**DATA:**
----
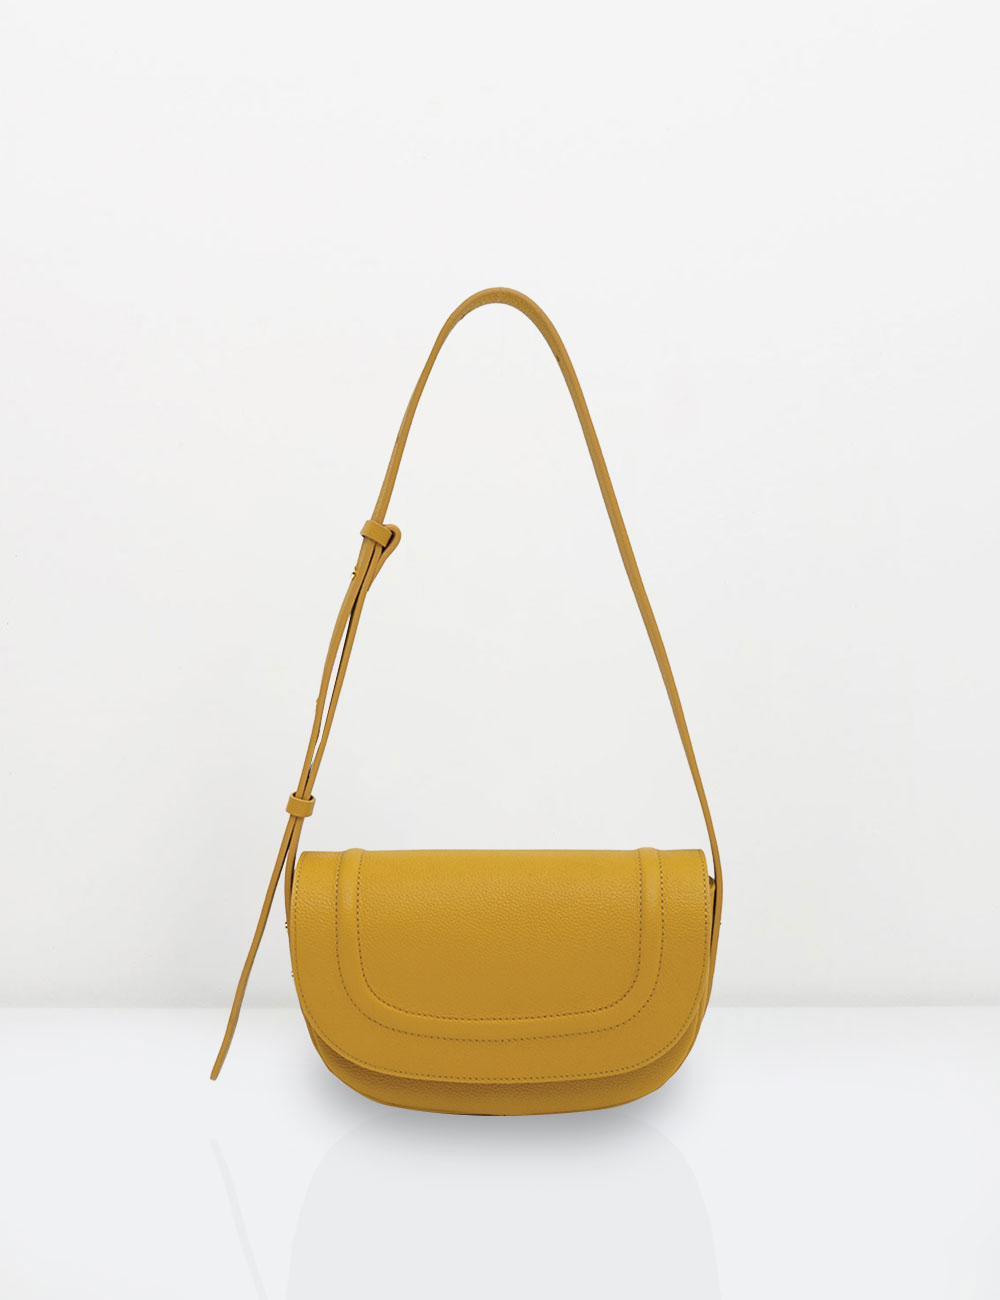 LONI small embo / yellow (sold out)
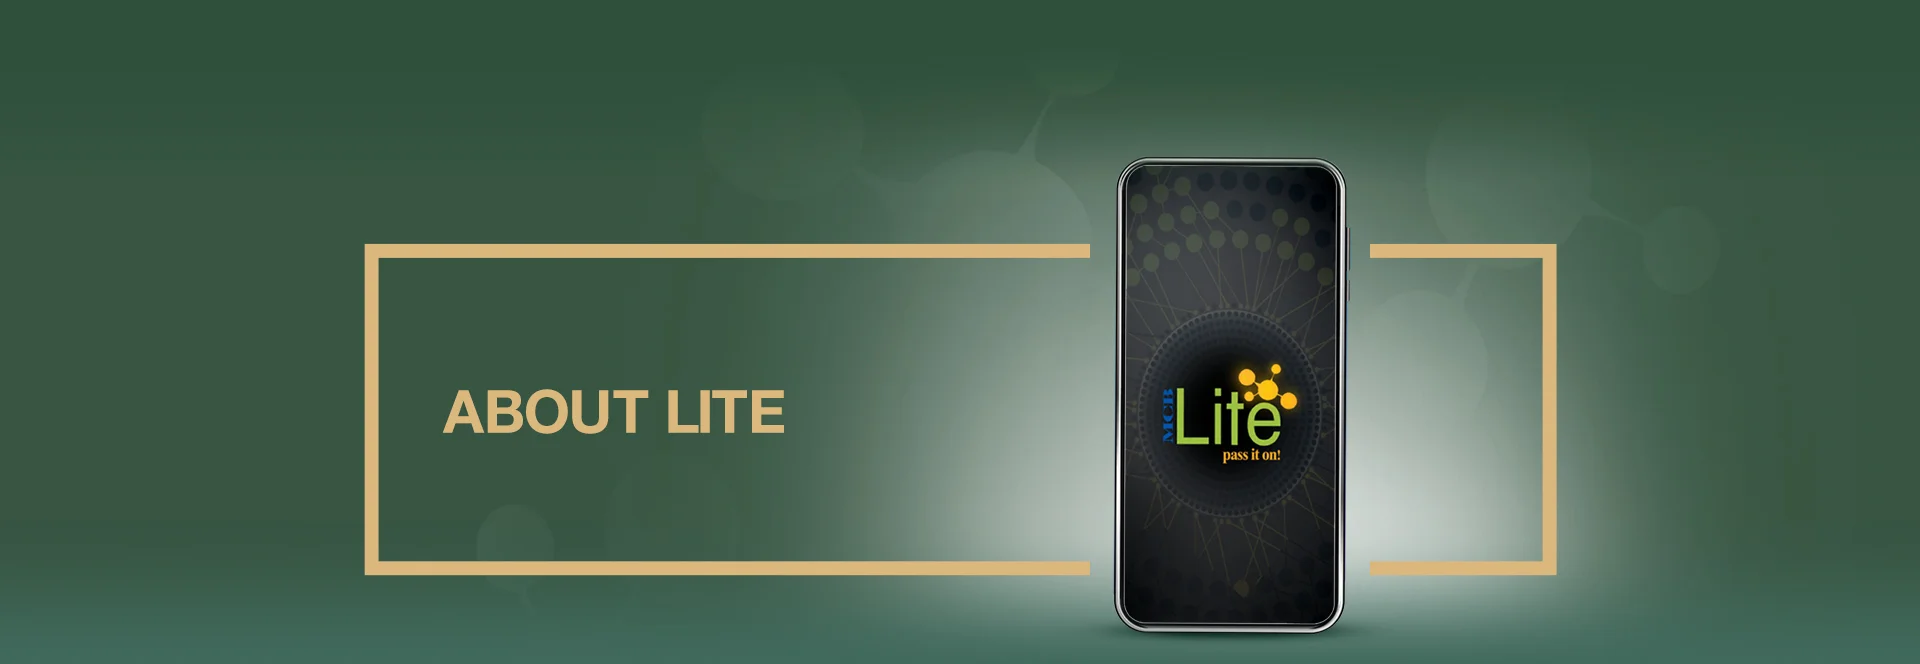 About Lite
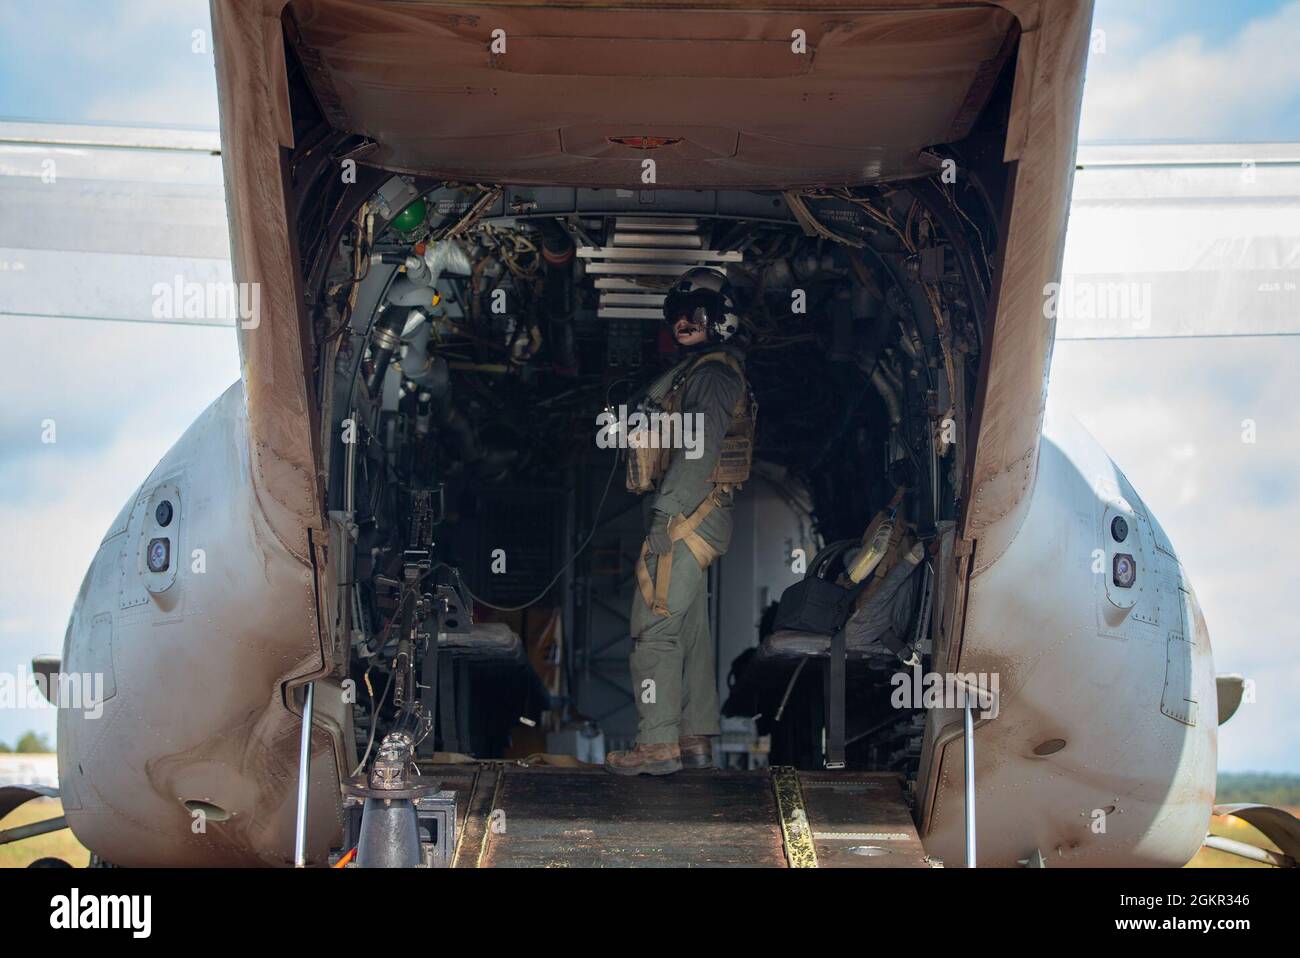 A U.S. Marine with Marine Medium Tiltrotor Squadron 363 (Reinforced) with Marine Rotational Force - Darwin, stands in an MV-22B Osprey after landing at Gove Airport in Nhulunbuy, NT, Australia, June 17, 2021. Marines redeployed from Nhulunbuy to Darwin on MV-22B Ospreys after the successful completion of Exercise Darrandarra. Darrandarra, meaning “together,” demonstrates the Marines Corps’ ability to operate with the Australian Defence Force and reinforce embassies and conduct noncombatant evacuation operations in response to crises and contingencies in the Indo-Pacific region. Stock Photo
----
Would you provide an exact, picture-free copy of the data above?

 LONI small embo / yellow (sold out)
 About Lite
 A U.S. Marine with Marine Medium Tiltrotor Squadron 363 (Reinforced) with Marine Rotational Force - Darwin, stands in an MV-22B Osprey after landing at Gove Airport in Nhulunbuy, NT, Australia, June 17, 2021. Marines redeployed from Nhulunbuy to Darwin on MV-22B Ospreys after the successful completion of Exercise Darrandarra. Darrandarra, meaning “together,” demonstrates the Marines Corps’ ability to operate with the Australian Defence Force and reinforce embassies and conduct noncombatant evacuation operations in response to crises and contingencies in the Indo-Pacific region. Stock Photo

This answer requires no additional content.